MetaDAMA - Data Management in the Nordics

2#2 - The Business Value of Data (Eng)

August 22, 2022 Winfried Etzel VP Activities DAMA Norway Season 2 Episode 2
MetaDAMA - Data Management in the Nordics
2#2 - The Business Value of Data (Eng)
Show Notes

“The closer you are to the business, the great the chance to make an impact with data!”

 In this episode I interviewed Marti Colominas, VP Head of Data & Insight at reMarkable. When we had our chat this summer, Marti was still working as Head of Data for Kahoot!.

 Marti combines business with data and works on a daily basis for value creation and balance on the crossroads between business and tech.
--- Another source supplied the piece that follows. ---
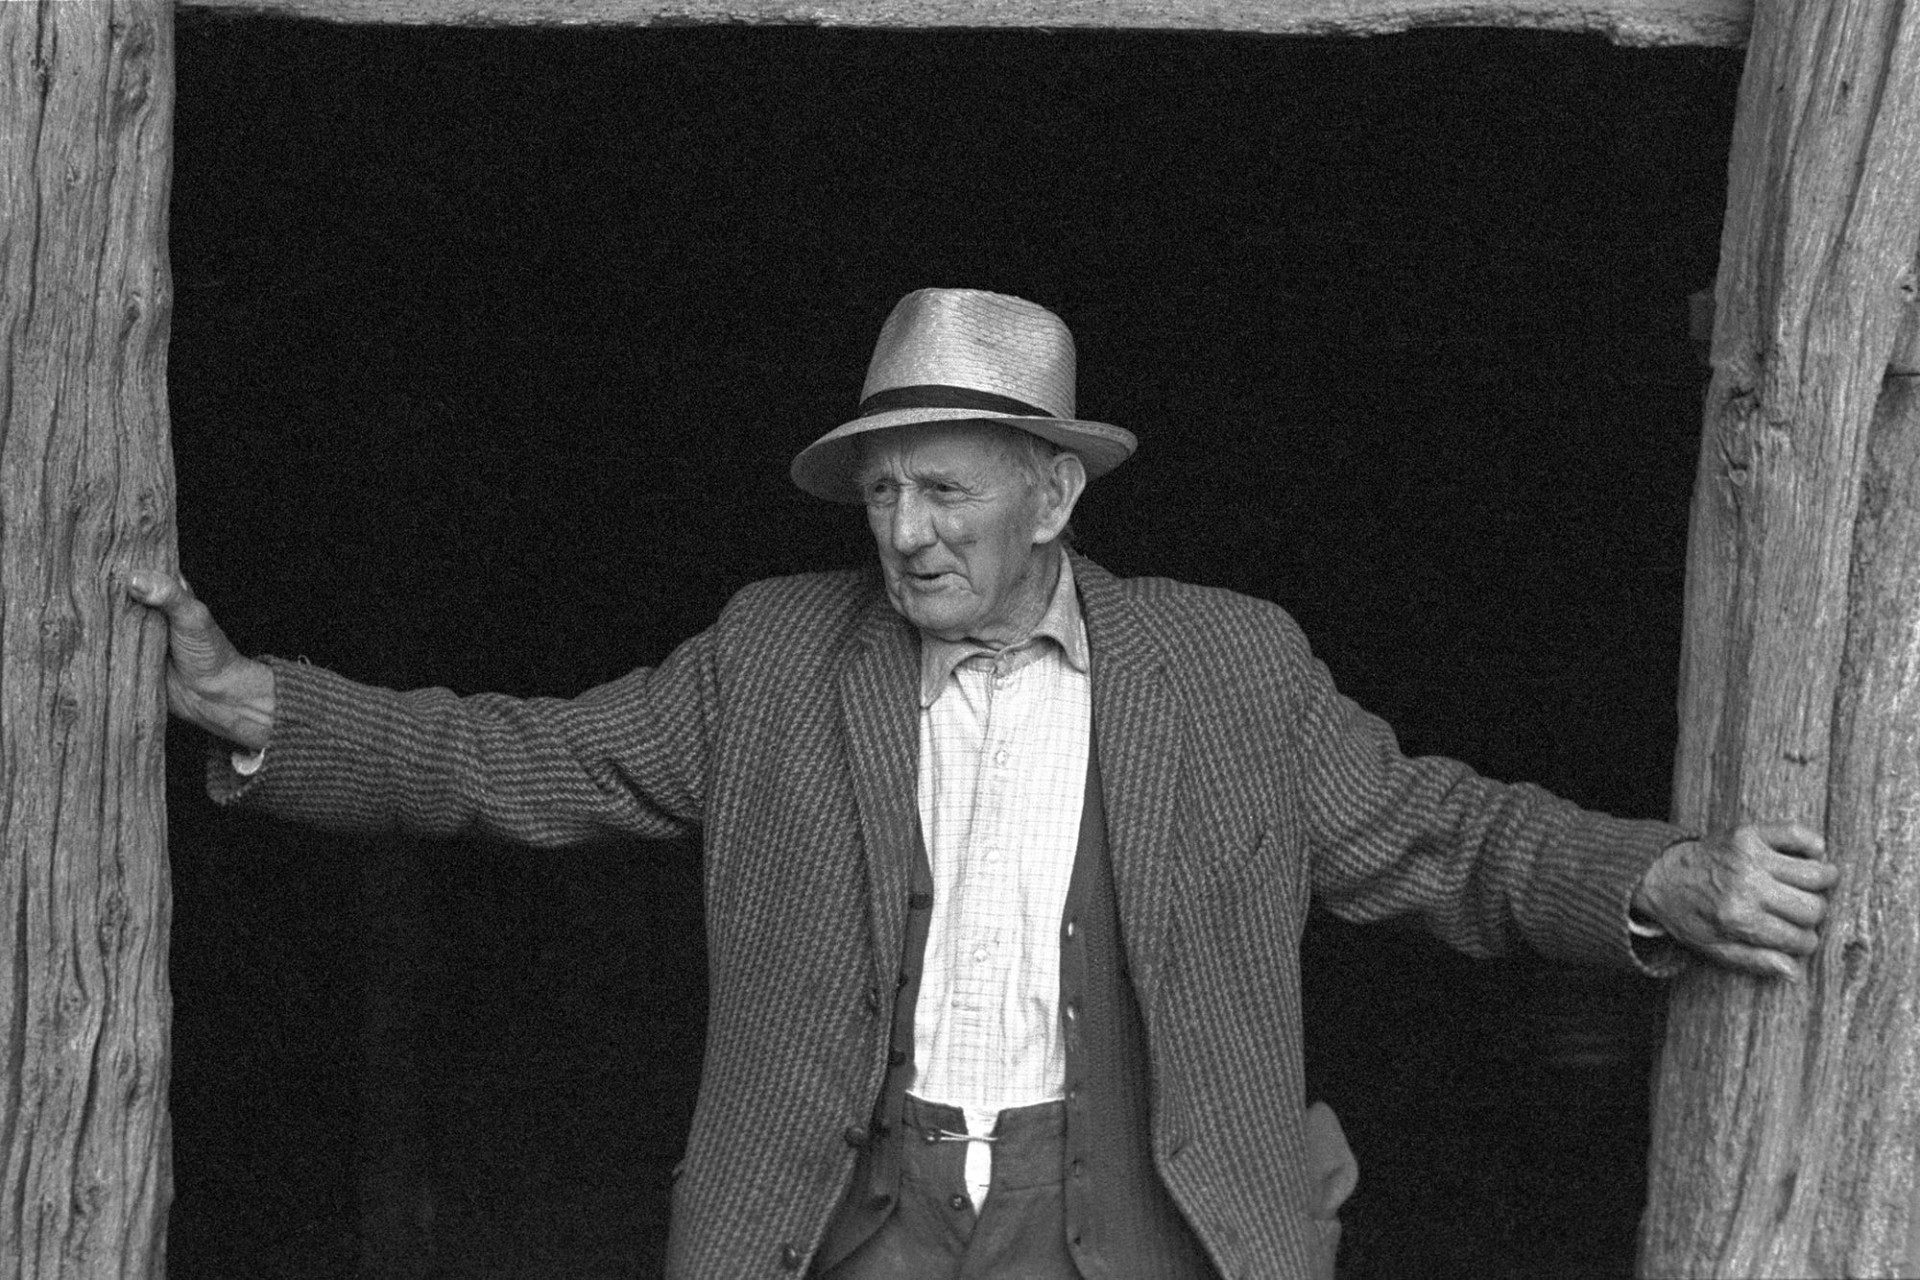 Man in straw hat at doorway of barn.
[Amos Oke standing in a doorway at Deckport Farm, Hatherleigh]

Marti has experience from big corp but was looking for that high pace and ever-changing environment of a startup.

 Here are my key takeaways: 

The Startup / scaleup setting

  • In startup and scaleup roles are not that defined. There is a huge amount of flexibility.
  • You can react quickly and explore new options without a lot of bureaucracy.
  • It is very dynamic, and data is used by everyone to base their decisions on.
  • On the other hand, datasets are not as stable and with less quality.
  • There is a significantly shorter distance between C-level executives and Operations.

The Business Value of Data

  • You need to find balance in delivering fast (time to insight, speed and accuracy).
  • Speed is there no matter what, you need to ensure the right level of accuracy at that speed.
  • If you want to have impact, you need good data quality. If not, the numbers will not be trusted or used.
  • The goal is data that is trustworthy and easy to use.
  • Long term commitment to Data Quality and Data Governance, whilst speedy day-to day operations with little time to insight, have been key to success.
  • The role of CDO is to ensure that be business derives value from Data Science and Analytics, that counts for a Startup as much as for a large enterprise.
  • The combination of business and engineering becomes more and more important.
  • The data stack is moving towards speed and scalability, which makes it easier to handle large volumes of data.
  • The key innovation will happen on automated data quality, self-serve analytics, even API-contracts for click-steam data, as well as tracking and lineage.
  • Data is not always the goal. It can be a means to create value.
  • For Kahoot! And reMarkable, data is used to make a better product and to improve the user experience, not to monetize or even mine that data.
  • User should see and feel enhancements in the product through their provided data right away.
  • To show the business value of Data Management you have to argue with "What if…?" What if we don't do it? You need to show the consequences of not acting to the C-level executives.
  • Data quality problems grow exponentially over time. If you do not act, data-driven decision making will eventually be replaced by gut feeling.
  • Not having control and metrics in place is like going to the casino: You can win once or twice3, but in the long run you will lose.
  • Data products should have an assigned value - so Data as a product can help us argue for the business value of data.
  • Step 1 is to treat data as an API contract.
  • Self-service is dependent on a good structure and governance at the data producer side.
  • Self-service can cover 60-70%, not everything can be self-service.
  • A dataset tells the story of what happened in the business. You need business context to understand it, you need to phrase a business question into a data question, you need to know how to manipulate the data correctly.